:: Information provided ::

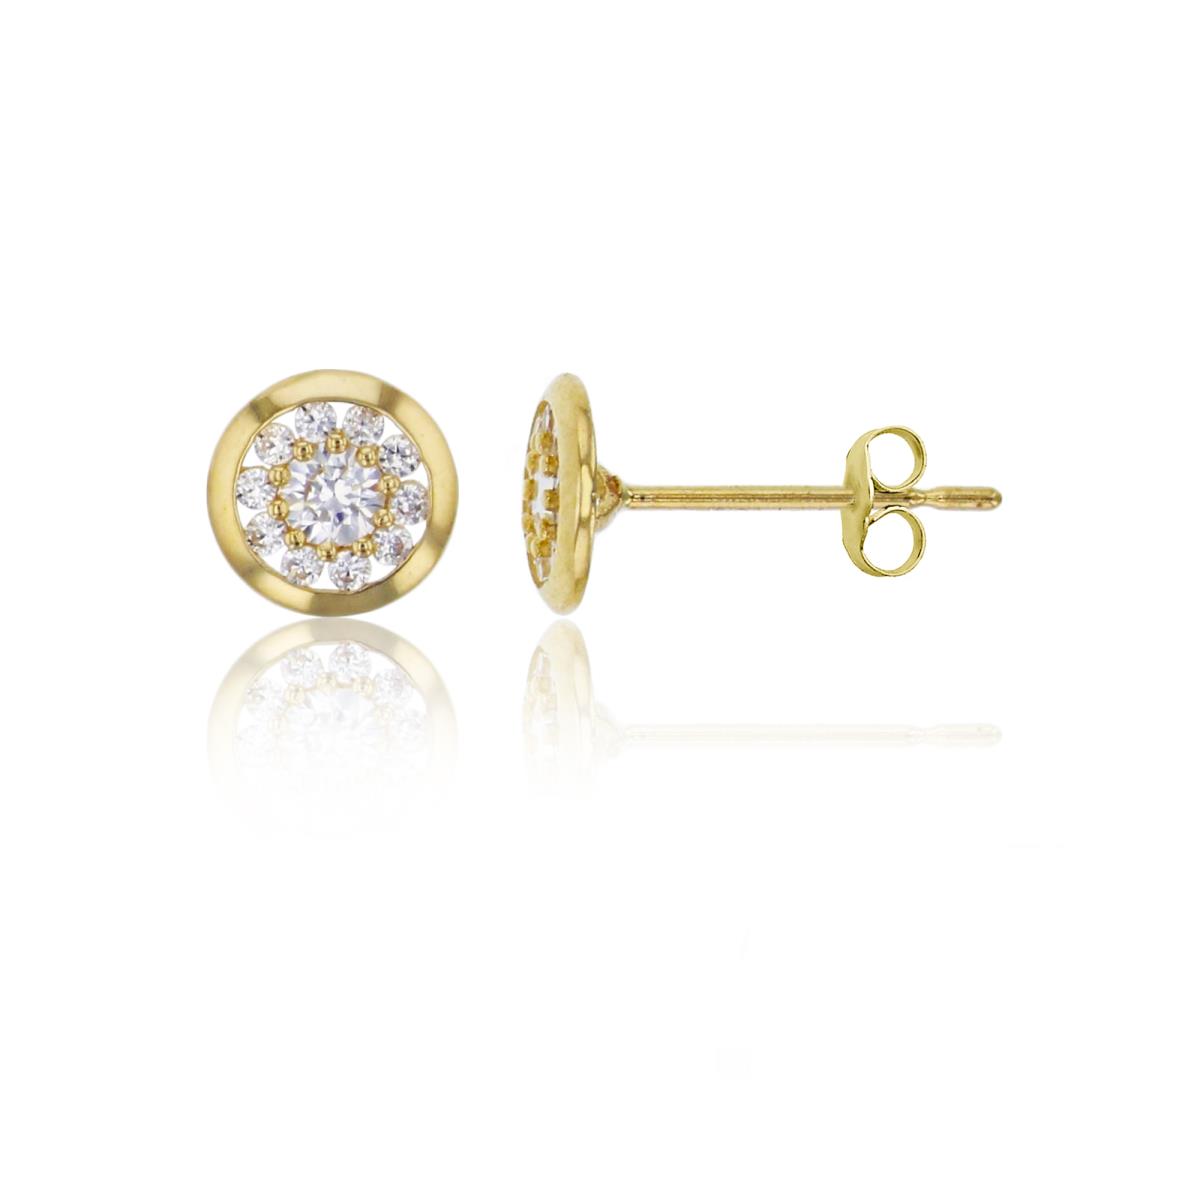 14K Yellow Gold 6x6mm Pave Circle Stud Earring with 14K Clutch
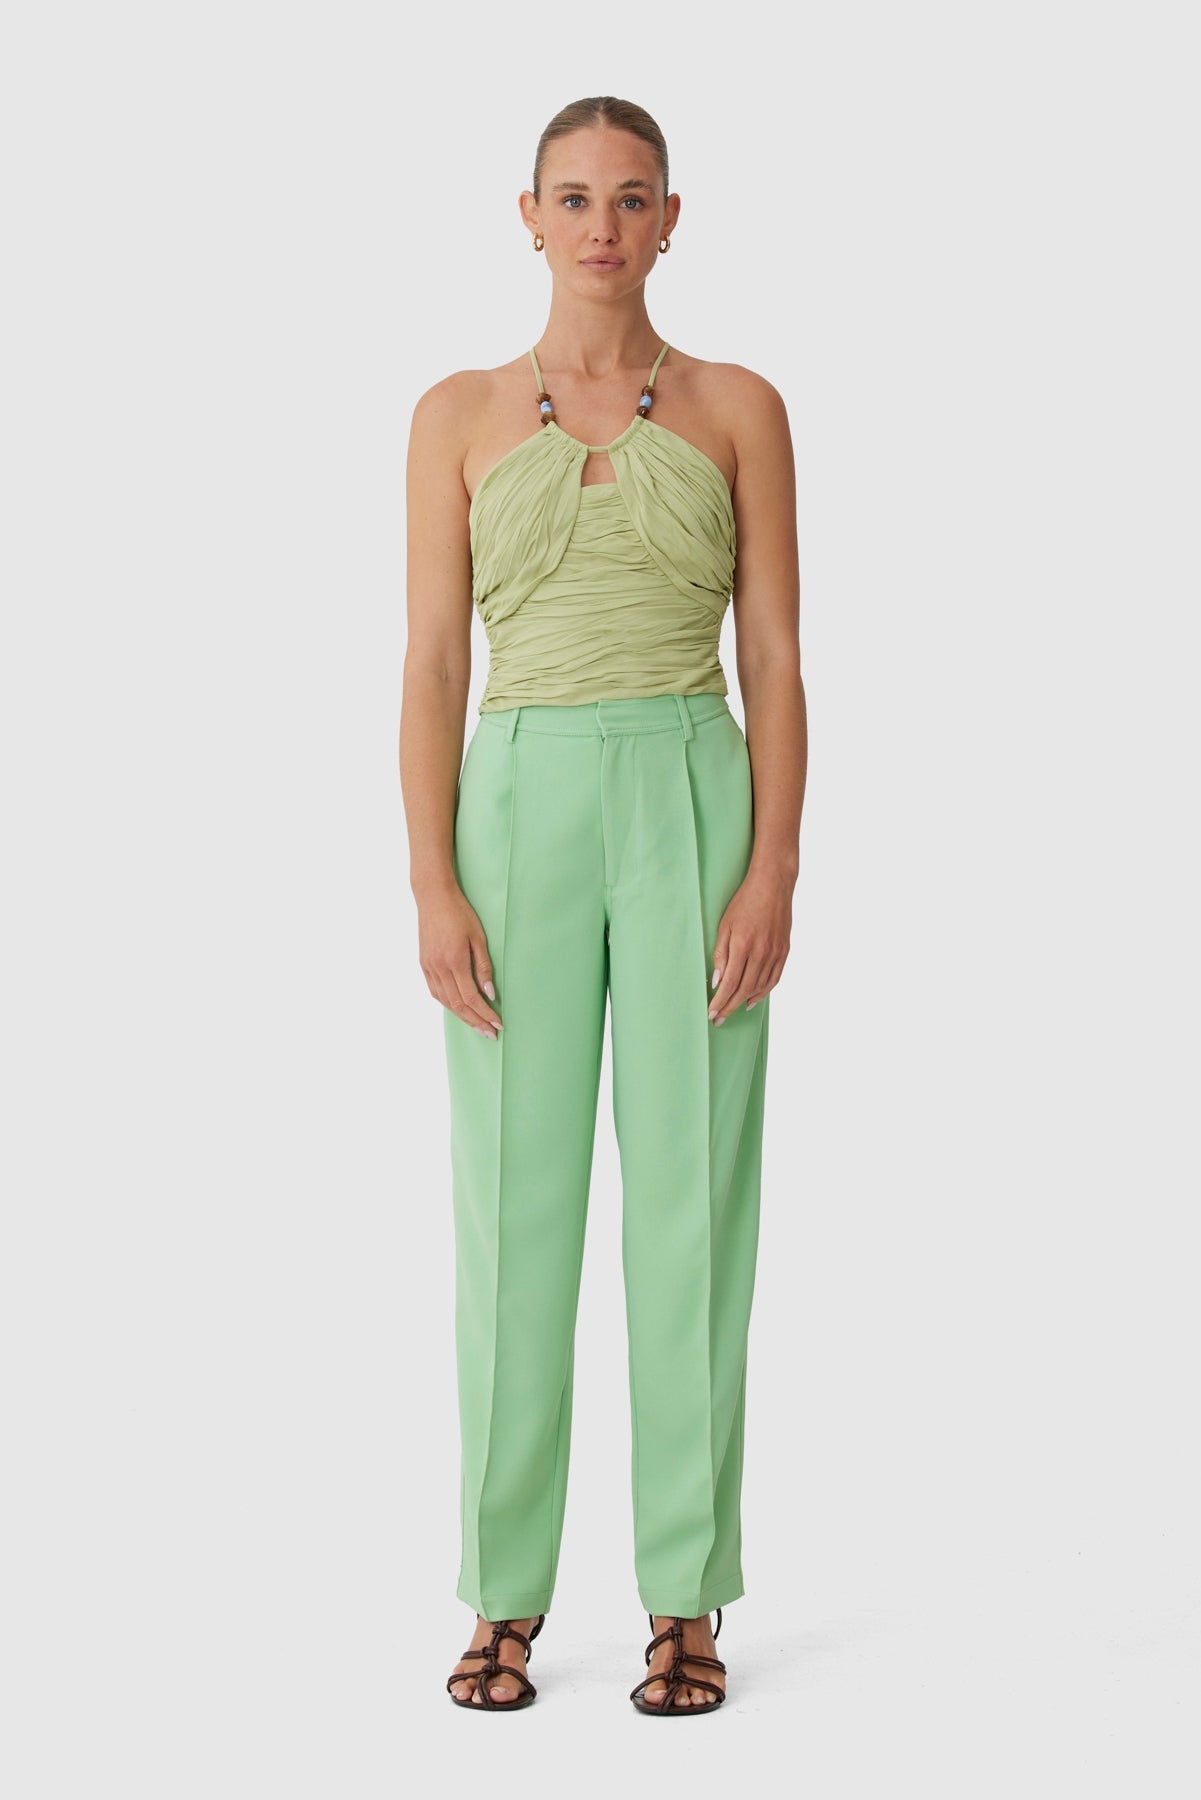 C/MEO Collective - Never Again Pant - Nile Green
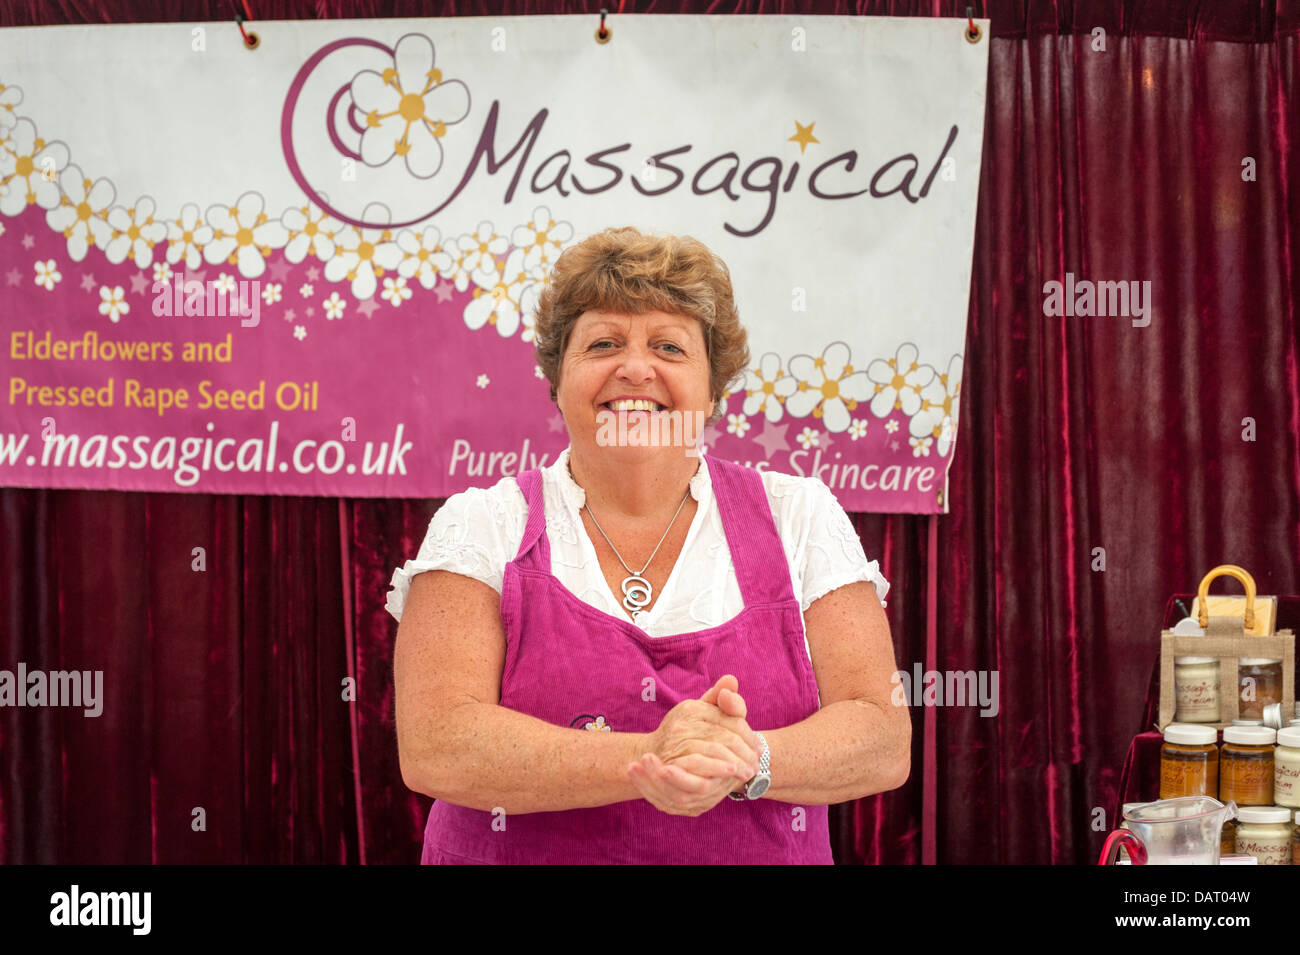 The stallholder at the Massagical massage products stall at Blenheim Palace Flower Show UK Stock Photo

:::

## [Brief]
Up to and including the last line of the listing, starting at the line with "C/MEO Collective - Never", extract every line exactly and leave out the pictures.

## [Exercise output]
 C/MEO Collective - Never Again Pant - Nile Green
 The stallholder at the Massagical massage products stall at Blenheim Palace Flower Show UK Stock Photo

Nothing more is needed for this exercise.